- Le gouvernement finlandais veut interdire l’usage des réseaux sociaux aux moins de 15 ans et étend la régulation à l’ensemble de la société après les restrictions sur les smartphones à l’école
- Le Premier ministre Petteri Orpo a souligné la nécessité d’une interdiction en s’inquiétant de la baisse de l’activité physique chez les enfants, et environ deux tiers de la population y sont favorables
- La chercheuse en médecine de l’adolescent Silja Kosola a qualifié les effets négatifs des réseaux sociaux d’« expérimentation humaine incontrôlée », évoquant une hausse de l’automutilation, des troubles alimentaires et un creusement de l’écart entre les systèmes de valeurs selon le genre
- L’Australie applique déjà une interdiction totale des réseaux sociaux pour les moins de 16 ans, avec des amendes pouvant aller jusqu’à 49,5 millions de dollars australiens pour les entreprises en infraction
- En Finlande, certains estiment toutefois qu’au lieu de copier la loi australienne, il serait plus efficace de répondre au problème en renforçant l’éducation numérique et la littératie médiatique
Le succès des restrictions sur les smartphones à l’école
- La Tampere International School (FISTA), en Finlande, s’appuie sur la loi limitant l’usage des téléphones portables à l’école, entrée en vigueur en août 2025, pour interdire totalement les smartphones en dehors des cours
- Les élèves participent davantage aux jeux en plein air, à l’exercice physique et aux échanges en face à face pendant la pause déjeuner et les récréations
- Le proviseur adjoint Antti Koivisto a déclaré que « la réduction de l’usage du téléphone a entraîné une hausse de la créativité et de l’activité physique des élèves »
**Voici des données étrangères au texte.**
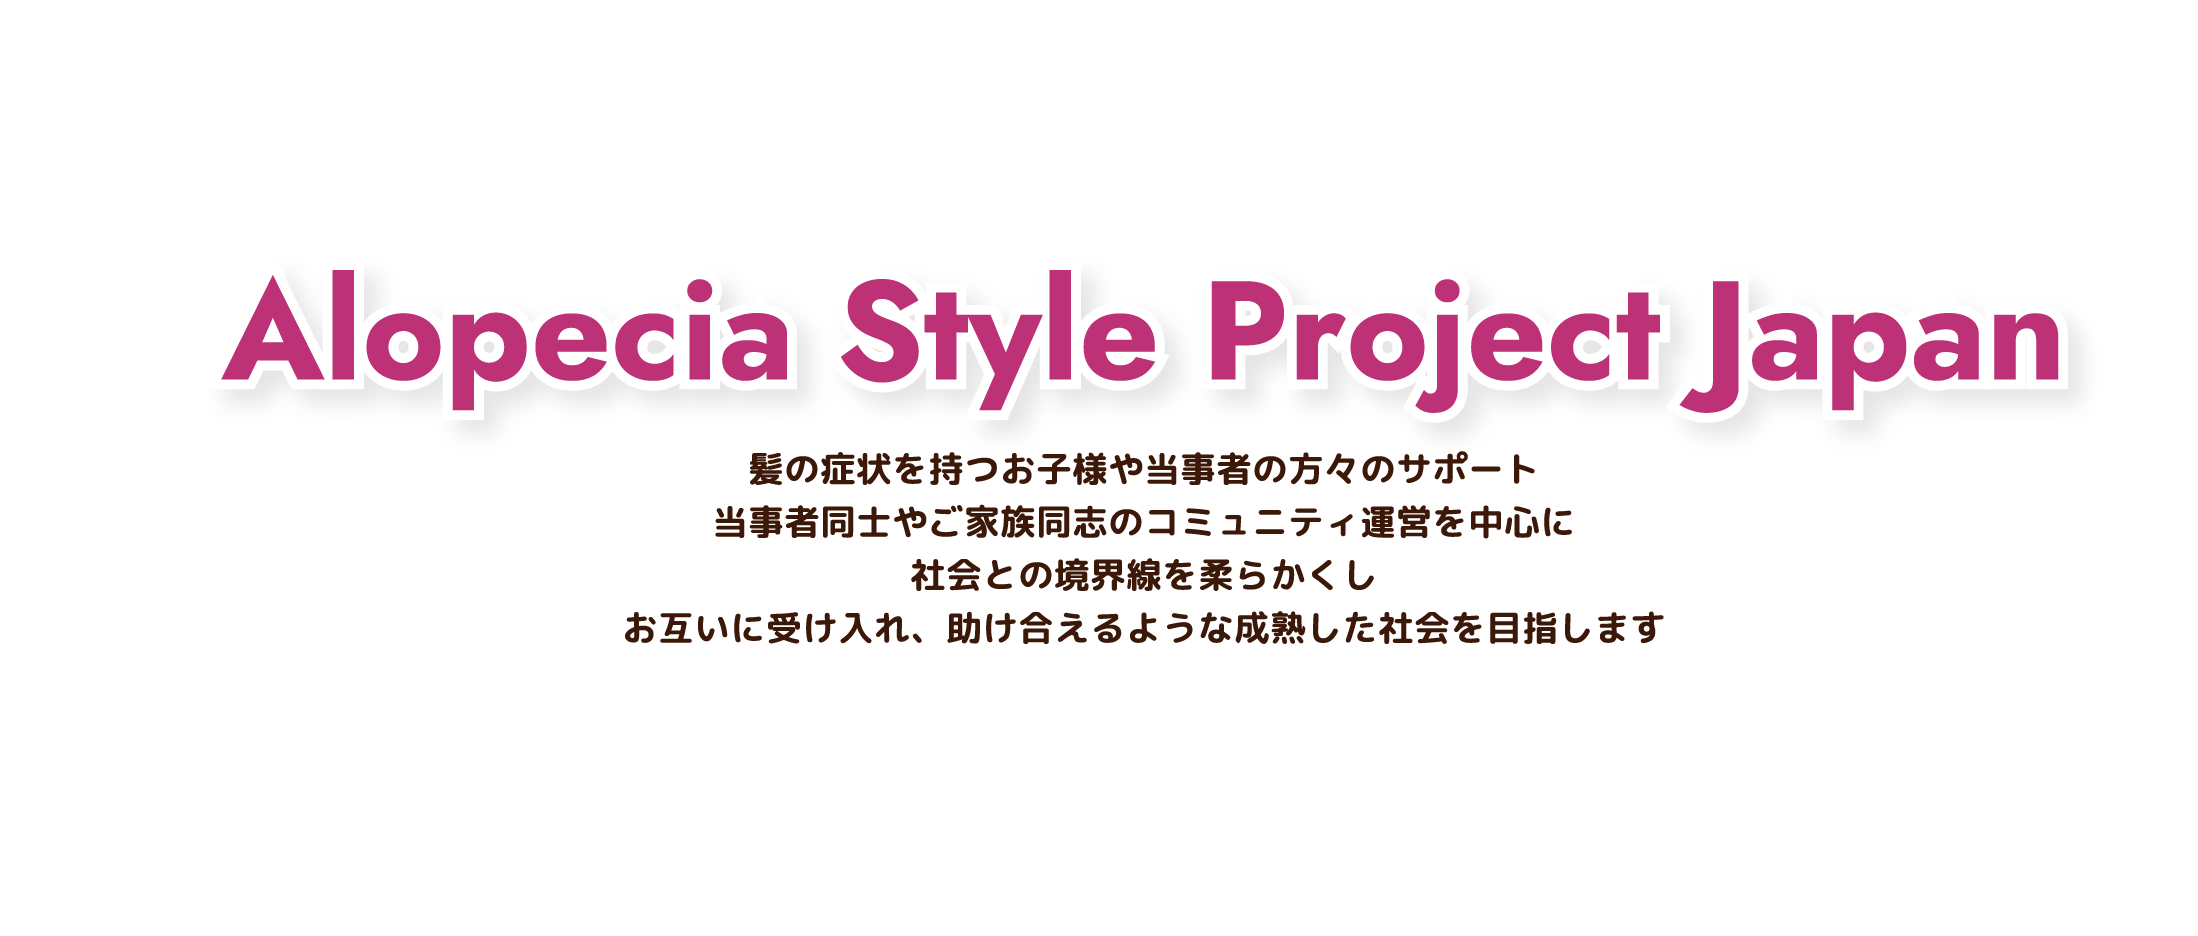 Alopecia Style Project Japan

- Ce succès à l’échelle des établissements a ouvert la voie au débat gouvernemental sur une régulation nationale des réseaux sociaux
L’évolution du gouvernement et de l’opinion publique
- Le Premier ministre Petteri Orpo soutient l’interdiction des réseaux sociaux pour les enfants de moins de 15 ans, en citant comme principale préoccupation le manque d’activité physique et sa progression
- Selon un récent sondage, deux tiers des répondants soutiennent l’interdiction, soit une hausse d’environ 10 points par rapport à l’enquête menée l’été dernier
- L’autorité sanitaire finlandaise THL soutient elle aussi une interdiction ou des mesures de restriction
L’avertissement d’une « expérimentation humaine incontrôlée »
- Silja Kosola, professeure associée en médecine de l’adolescent, a qualifié l’impact des réseaux sociaux d’« expérimentation humaine incontrôlée »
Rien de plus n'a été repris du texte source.